For fleet assets, adopting a standard like the Vehicle Maintenance Reporting Standards (VMRS) is a game-changer. VMRS provides a universal coding system for components, reasons for repair, and tasks performed. Implementing VMRS codes within the CMMS ensures that data is captured consistently, regardless of which technician is doing the work. A "Code 33-013-007" always means replacing a brake pad, making data analysis across the entire fleet incredibly powerful and precise. While it requires initial training, the long-term payoff in data quality is immense.

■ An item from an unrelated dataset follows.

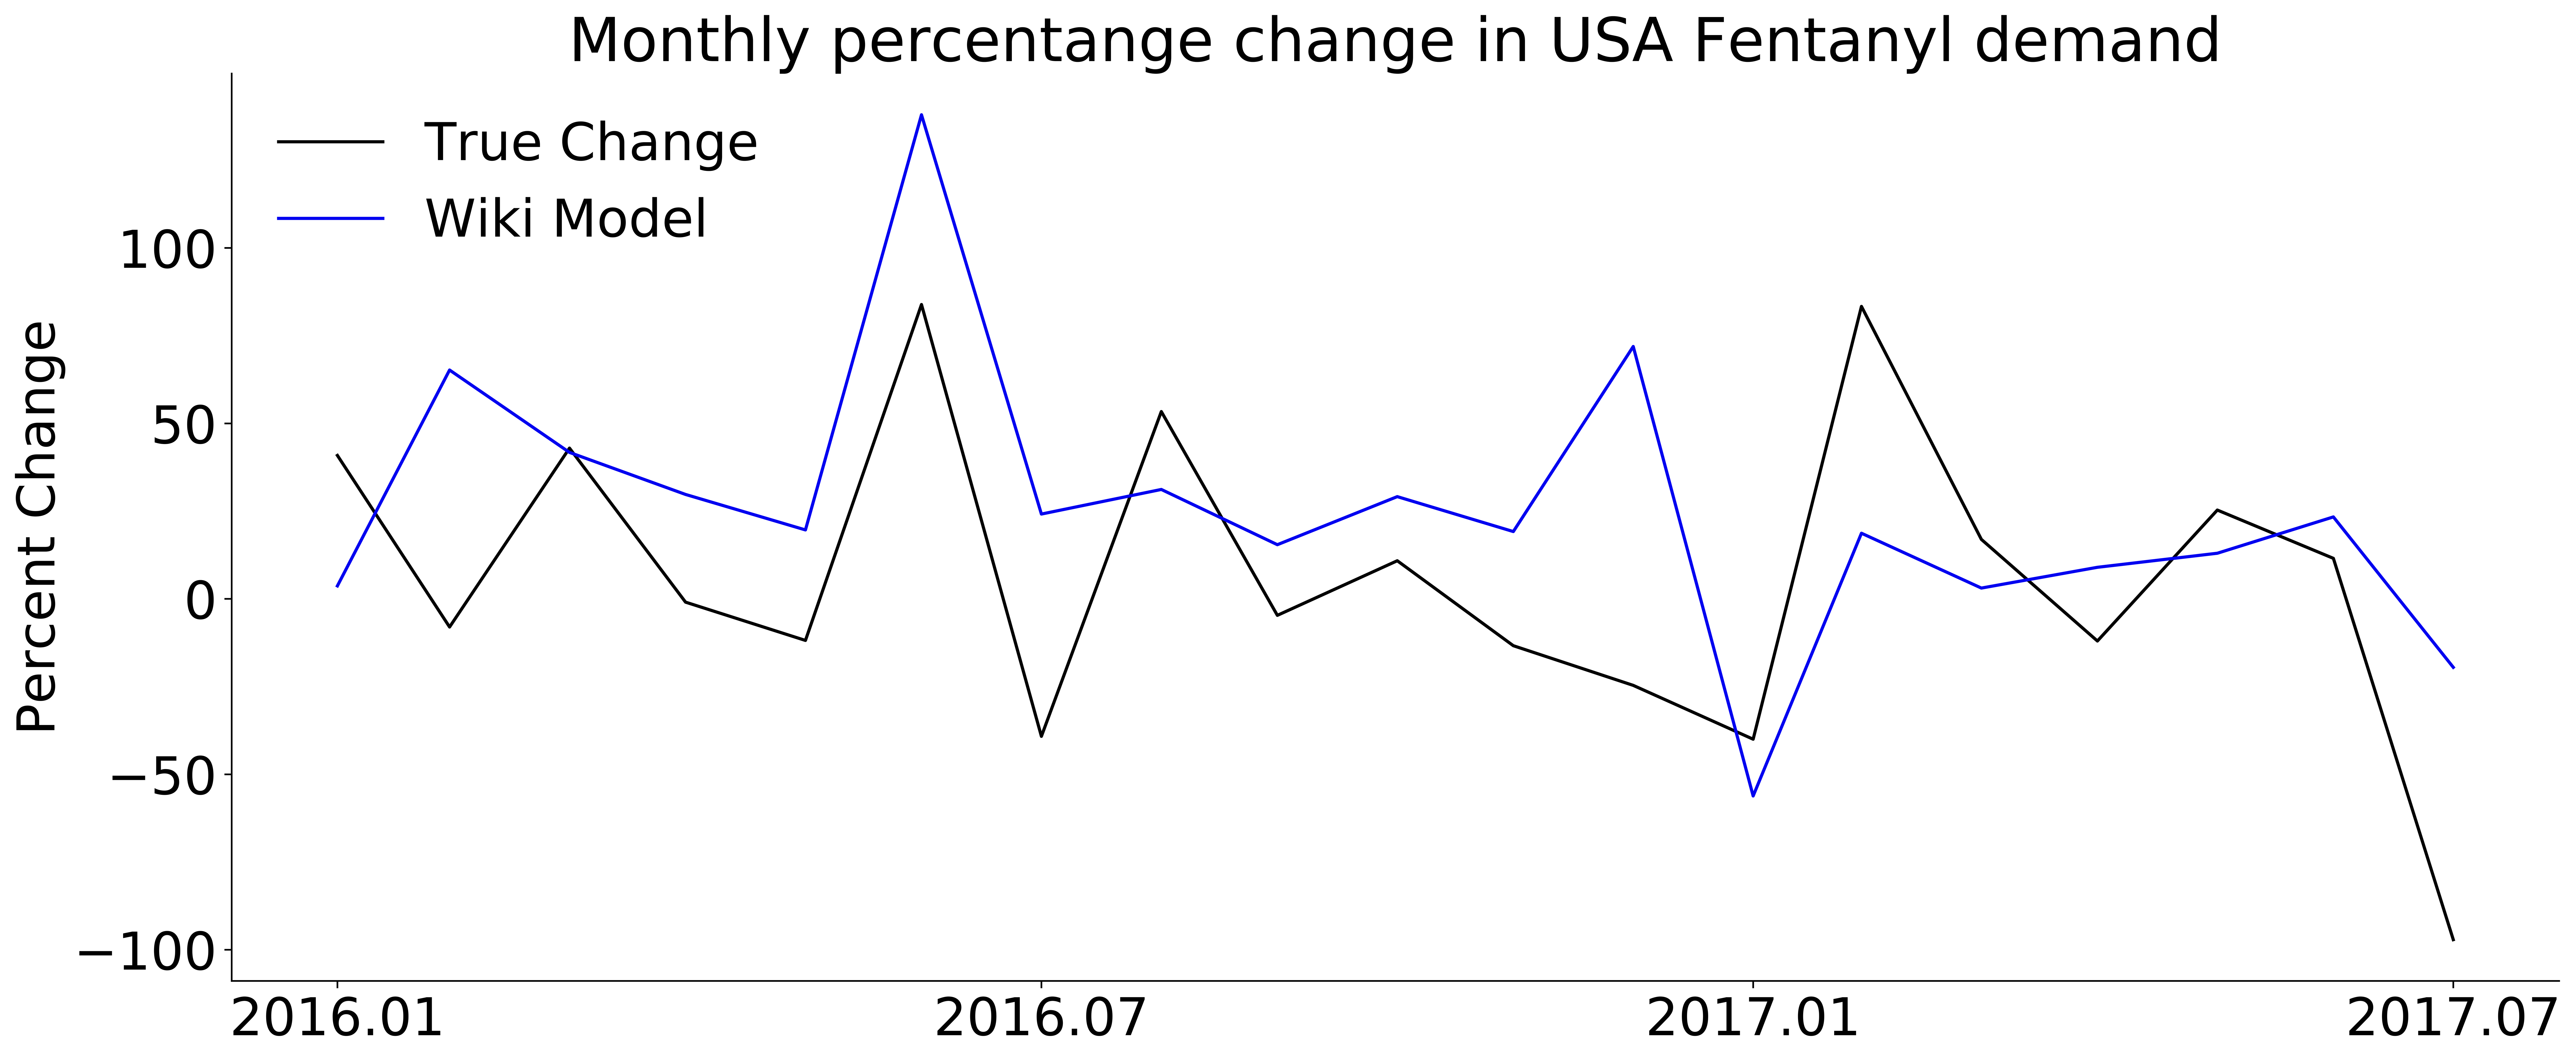 Monthly percentage change in USA Fentanyl demand
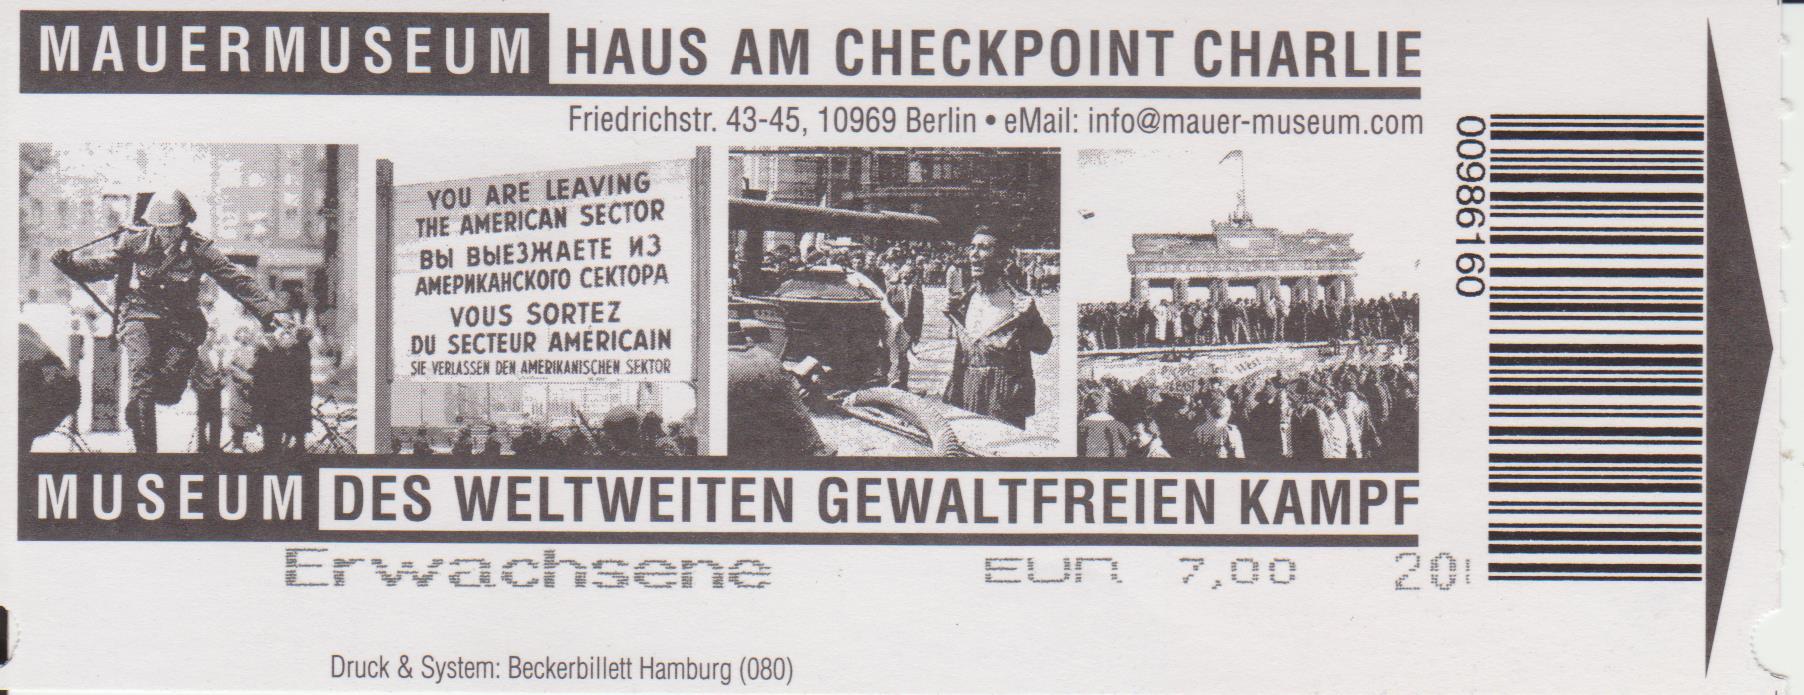 38) Mauermuseum - Checkpoint Charlie

Technician adoption is perhaps the most critical success factor. Fleet mechanics who are accustomed to paper work orders or a familiar (if clunky) old system may be resistant to change. The key is to demonstrate how the new system makes their job easier, not harder. This is where a world-class mobile CMMS app is not just a feature, but a necessity. Providing technicians with a tablet or smartphone running an intuitive app, like the one offered by MaintainNow at app.maintainnow.app, is crucial. It allows them to pull up work orders, view asset service histories, access digital manuals, and log their work right at the vehicle. No more greasy paper. No more walking back to a desktop to close out a job. The mobile tool must be fast, easy to use, and reliable, even in areas with poor connectivity. When technicians see that the new system gives them more information and cuts down on their administrative busywork, they become its biggest advocates.
The line between a fixed asset and a mobile one is a construct of old management thinking. In the modern operational landscape, that line has not just blurred; it has been erased by the demands for greater efficiency, data transparency, and enterprise-wide equipment reliability. A delivery truck is just as critical to generating revenue as the conveyor belt inside the building. A service van is as essential to uptime as the technician who drives it.
Managing these wheeled assets in a separate system is an outdated practice that introduces risk, hides costs, and hampers performance. The future of effective, cost-efficient maintenance management lies in a unified approach. It’s about viewing every piece of equipment your organization depends on through a single lens, managed by a single system, and guided by a single, coherent maintenance strategy. Bringing your fleet into your CMMS is no longer an innovative idea. It is a fundamental requirement for any organization serious about optimizing its maintenance operations and protecting its bottom line. Your assets have wheels; it's time your maintenance strategy caught up to them.